Compilation album by Various
- Released: 2000
- Recorded: 2000
- Genres: Rock, folk rock
- Length: 59:58
- Label: Spinout
- Producers: Tim Nelson and Tom Fabjance

Various chronology
|  | Duluth Does Dylan | 'Duluth Does Dylan Revisited' |

= Duluth Does Dylan =

Duluth Does Dylan is a 2000 album featuring songs by Bob Dylan covered by bands from Duluth, Minnesota, which is Dylan’s birthplace. The album was mixed and recorded at Inland Sea Recording in Superior, Wisconsin, and mastered at Spinout Studio in Burbank, California. Duluth Does Dylan was produced by Tim Nelson and Tom Fabjance, and features cover and liner art by Chris Monroe. The liner notes were written by Brad Nelson, then publisher of the Duluth Ripsaw.

==Track listing==
All songs originally recorded by Bob Dylan.
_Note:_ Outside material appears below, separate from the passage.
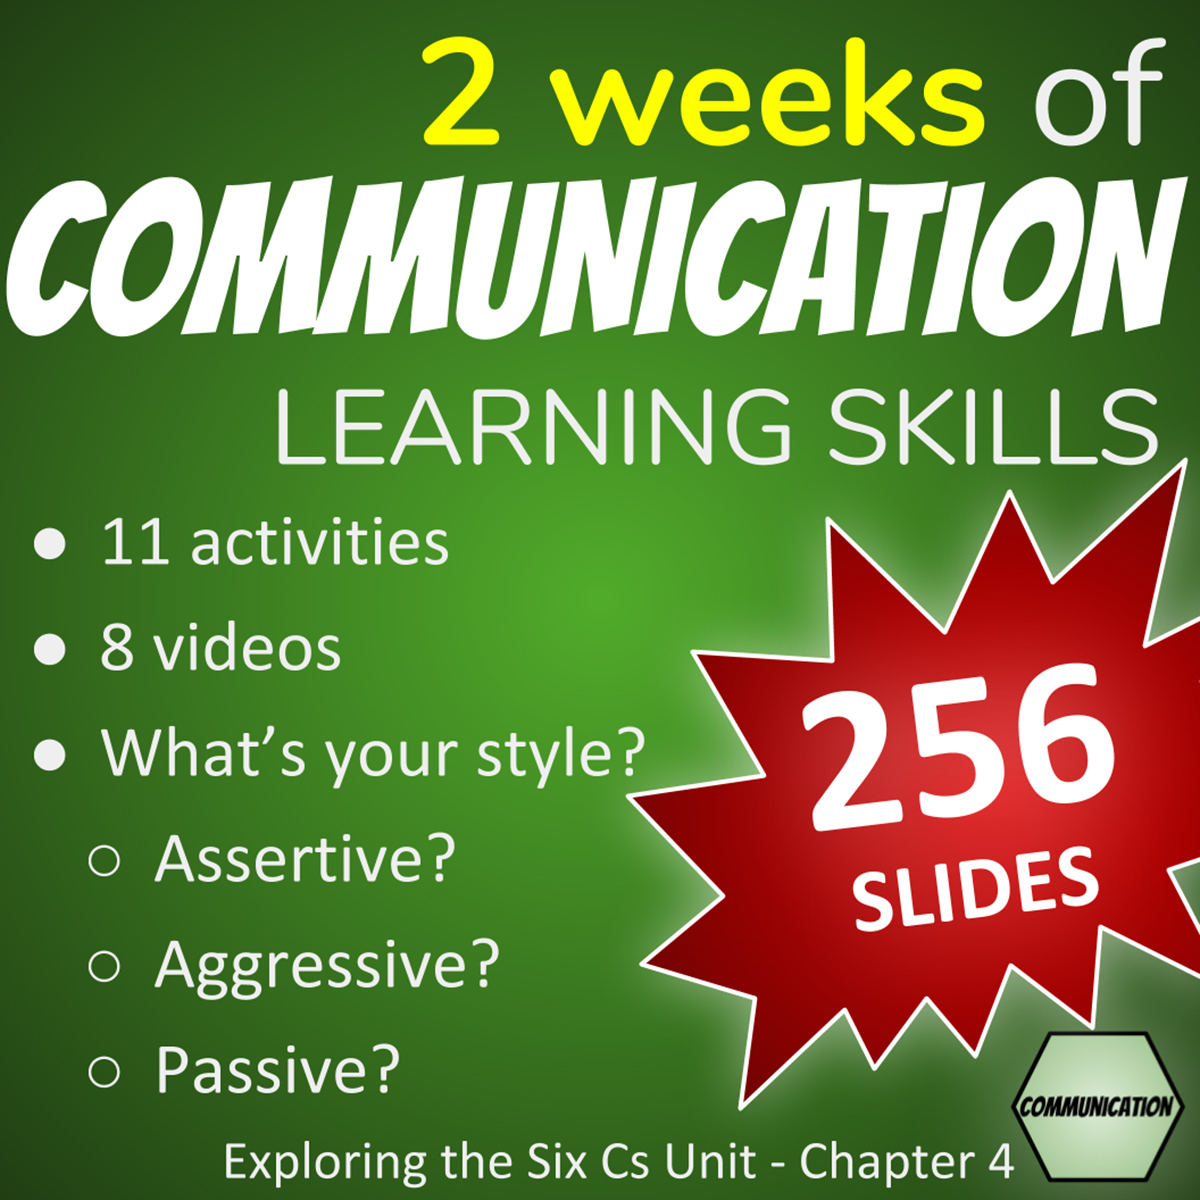 Effective Communication Lesson Plans - 2 weeks of Communication Learning Skills: 11 activities, 8 videos, What's your style - assertive, aggressive, passive, 256 SLIDES

| No. | Title | Performer | Length |
|---|---|---|---|
| 1. | "It Ain't Me Babe" | Mayfly | 3:27 |
| 2. | "Quit Your Low Down Ways" | Giljunko | 2:56 |
| 3. | "Don't Think Twice, It's All Right / All I Really Want To Do" | Gild | 3:34 |
| 4. | "Girl from the North Country" | Father Hennepin | 4:08 |
| 5. | "A Hard Rain's A-Gonna Fall" | Both | 7:23 |
| 6. | "Tombstone Blues" | The Black Eyed Snakes | 3:42 |
| 7. | "Knockin' on Heaven's Door" | Crazy Betty | 3:17 |
| 8. | "Father of Night" | The First Ladies | 2:02 |
| 9. | "When I Paint My Masterpiece" | Ballyhoo | 4:19 |
| 10. | "All Along the Watchtower" | The Dames | 3:16 |
| 11. | "Country Pie" | The American Hip | 7:00 |
| 12. | "Rainy Day Women #12 & 35" | The Black Labels | 3:06 |
| 13. | "Sad-Eyed Lady of the Lowlands" | Jamie Ness | 4:43 |
| 14. | "If You Gotta Go, Go Now" | Accidental Porn | 3:19 |
| 15. | "Blowin' in the Wind" | Low | 3:46 |
| Total length: |  |  | 59:58 |

==Concept==
Tim Nelson, the executive producer of Duluth Does Dylan, conceived of the album as a way of "using Dylan's connection to Duluth to promote the bands living and working here today." Only bands producing original music and active in the Duluth music scene were considered; most of the bands were selected in part based on their reception at the Homegrown Music Festival, Duluth's annual local music festival. Participating bands each selected a song recorded by Bob Dylan, and Nelson encouraged the musicians to use their own style rather than trying "to sound like Dylan."

==Reception==
Upon its release, Duluth Does Dylan was featured on the cover of the Duluth Ripsaw, and release parties were held in Duluth and Minneapolis–Saint Paul. A local Duluth brewery named a beer in honor of the album. Duluth Does Dylan sold out its original 1,000 -disc pressing within two months, and went on to sell over 3,000 copies during the next five years. Aside from local sales, the album also received attention nationally and internationally. The album has also been credited with bringing national attention to several local bands. It was followed by Duluth Does Dylan Revisited in 2006 and Another Side of Duluth Does Dylan in 2011.